USDA’s My Plate compared to Harvard’s Healthy Eating Plate

Note from Slimvictory: I found the following article from Harvard Medical School (www.health.harvard.edu), comparing their “Healthy Eating Plate” to the growing-in-popularity “MyPlate” found at www.choosemyplate.gov. It’s interesting to see how two well-respected authorities can come to different conclusions on basic nutrition guidelines (although they do have areas of agreement).

If I HAD to choose between the two, I’d pick the Harvard version; it gives more info, and  I like their idea of adding a bottle of heart-healthy oil to the dinner table.
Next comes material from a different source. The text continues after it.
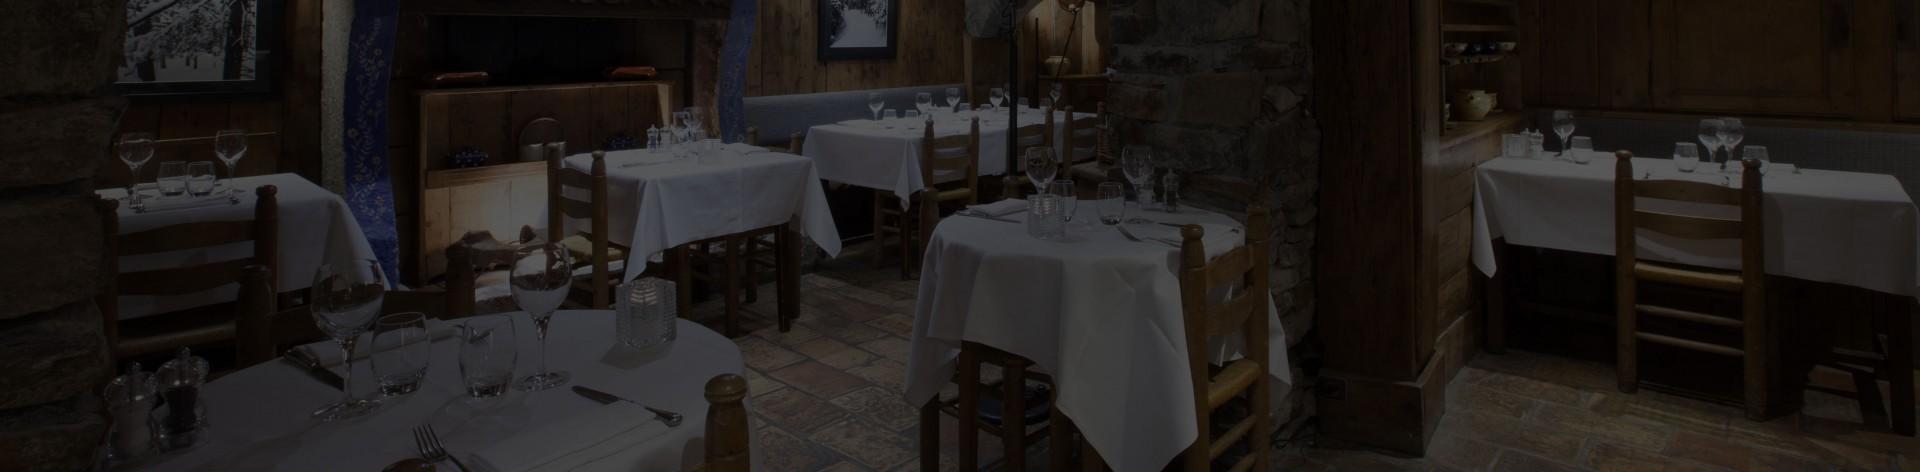 banner-restaurant-4

But I wouldn’t replace the glass of low-fat milk with tea or coffee, as the protein-punch the cow-juice packs can provide extra satiety. Also, since the USDA is trying to educate parents about preparing healthy meals for the entire family, a low-fat dairy item would be a better choice than caffeine-laced beverages included in Harvard’s choices (of course, water’s always good).  And a middle-of-the road option between the Harvard plate’s use of oils without restricting serving sizes, and the USDA plate, which ignores vital oils altogether would be beneficial.

Of course, a simple one-page plate diagram (meant to be a quick guide for making healthy choices) can’t take the place of detailed nutritional data (like serving size guides, how some “vegetables” should be considered as a grain or a protein source, choosing a variety of colors, and such). But by spending time on both these sites, savvy consumers can find more information to help them make informed choices.

What are some of your go-to sources for advice on healthy eating?

And now, here’s the Harvard article intro and link:

Back in June, federal authorities unveiled MyPlate, an icon designed to help Americans follow healthy eating patterns. Its a nice, colorful image that was a welcome successor to the misguided MyPyramid. But it doesnt offer much in the way of useful information.

via Harvard to USDA: Check out the Healthy Eating Plate.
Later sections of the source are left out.